I didn't realize 1.7.0 was out, I hope it's not creating these issues. I'll give it a try.

The error message you just posted is actually an etcd error that probably indicates you didn't run make discovery-url before vagrant up. That usually happens when there is a stale or nonexistent etcd discovery URL. So ssh connectivity works, but the nodes aren't communicating with each other.

[mboersma]

Backwards compatibility between 1.x is not promised, and Vagrantfile syntax stability isn't promised until 2.0 final. Any backwards incompatibilities within 1.x will be clearly documented.

Clearly documented somewhere, I would imagine. Can't find it though. Last update by mitchellh on their blog was for 1.6.0. 😞

Update: found it https://github.com/mitchellh/vagrant/blob/v1.7.0/CHANGELOG.md#170-december-9-2014

[mboersma]

@mgartner and @pon, the issue here I believe is a backward-incompatible change made in Vagrant 1.7:

If the default insecure keypair is used, Vagrant will automatically replace it with a randomly generated keypair on first vagrant up. [GH-2608]

The workaround is to ssh-add one of these generated keys before using deisctl, or to install Vagrant 1.6.5.

[mgartner]

Nice find @mboersma!

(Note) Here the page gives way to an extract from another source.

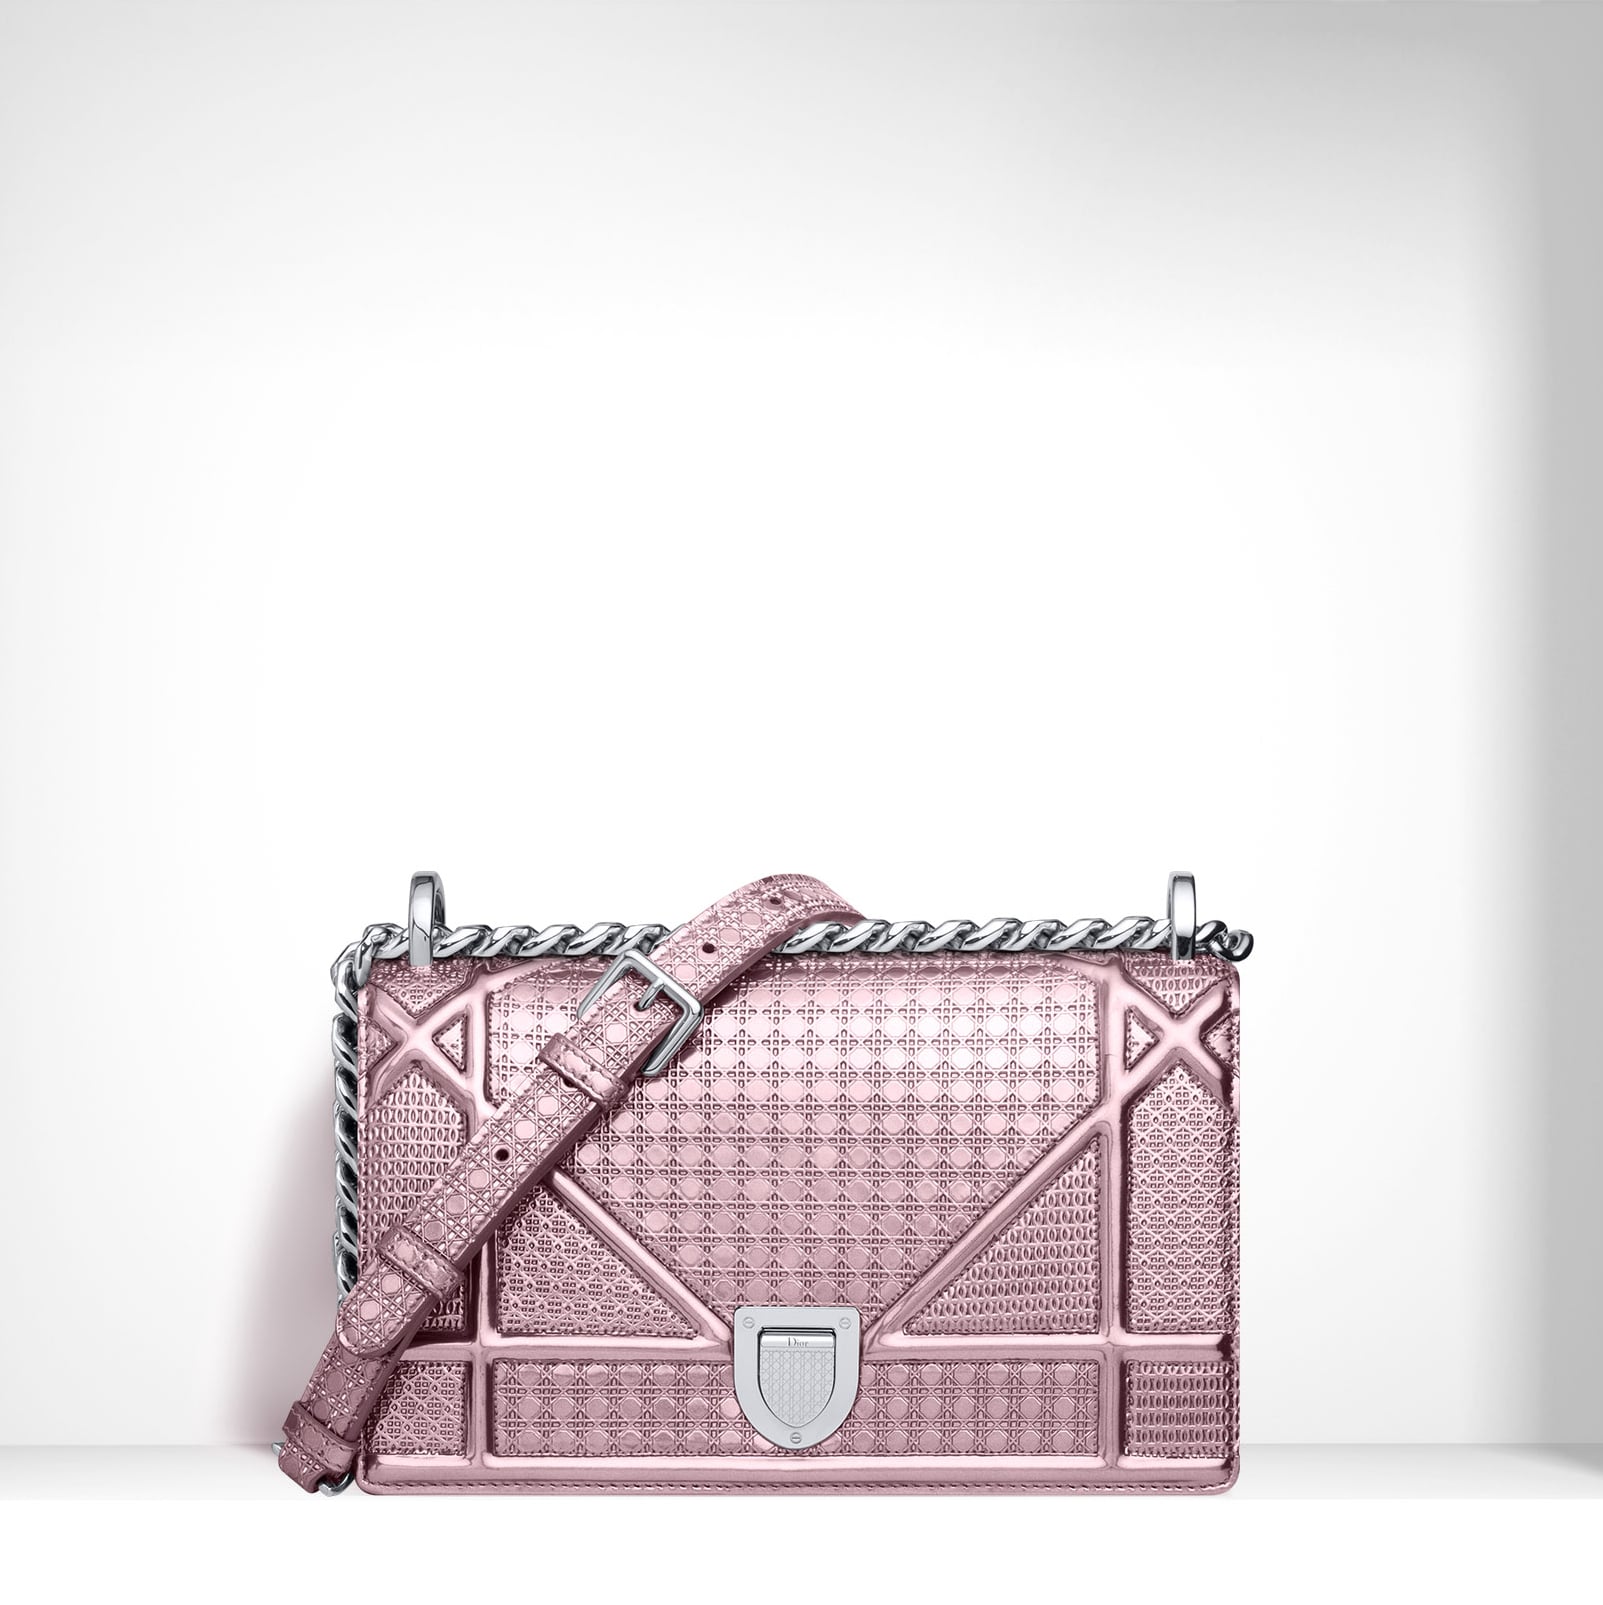 Dior Diorama - Small, Black Calfskin  Diorama bag, Bags, Purses and  handbags

Thanks for your help in diagnosing this. Let me know if there is anything I can provide to help fix this.

[mboersma]

Since deisctl only needs SSH to 1 of the nodes, it's sufficient for now to retrieve the key path with vagrant ssh-config deis-1 and just ssh-add that one, not necessarily all 3+ keys. We should probably document how to generate your own key and use it in the Vagrantfile, so this workflow is more similar to other providers. I'll make a PR for that.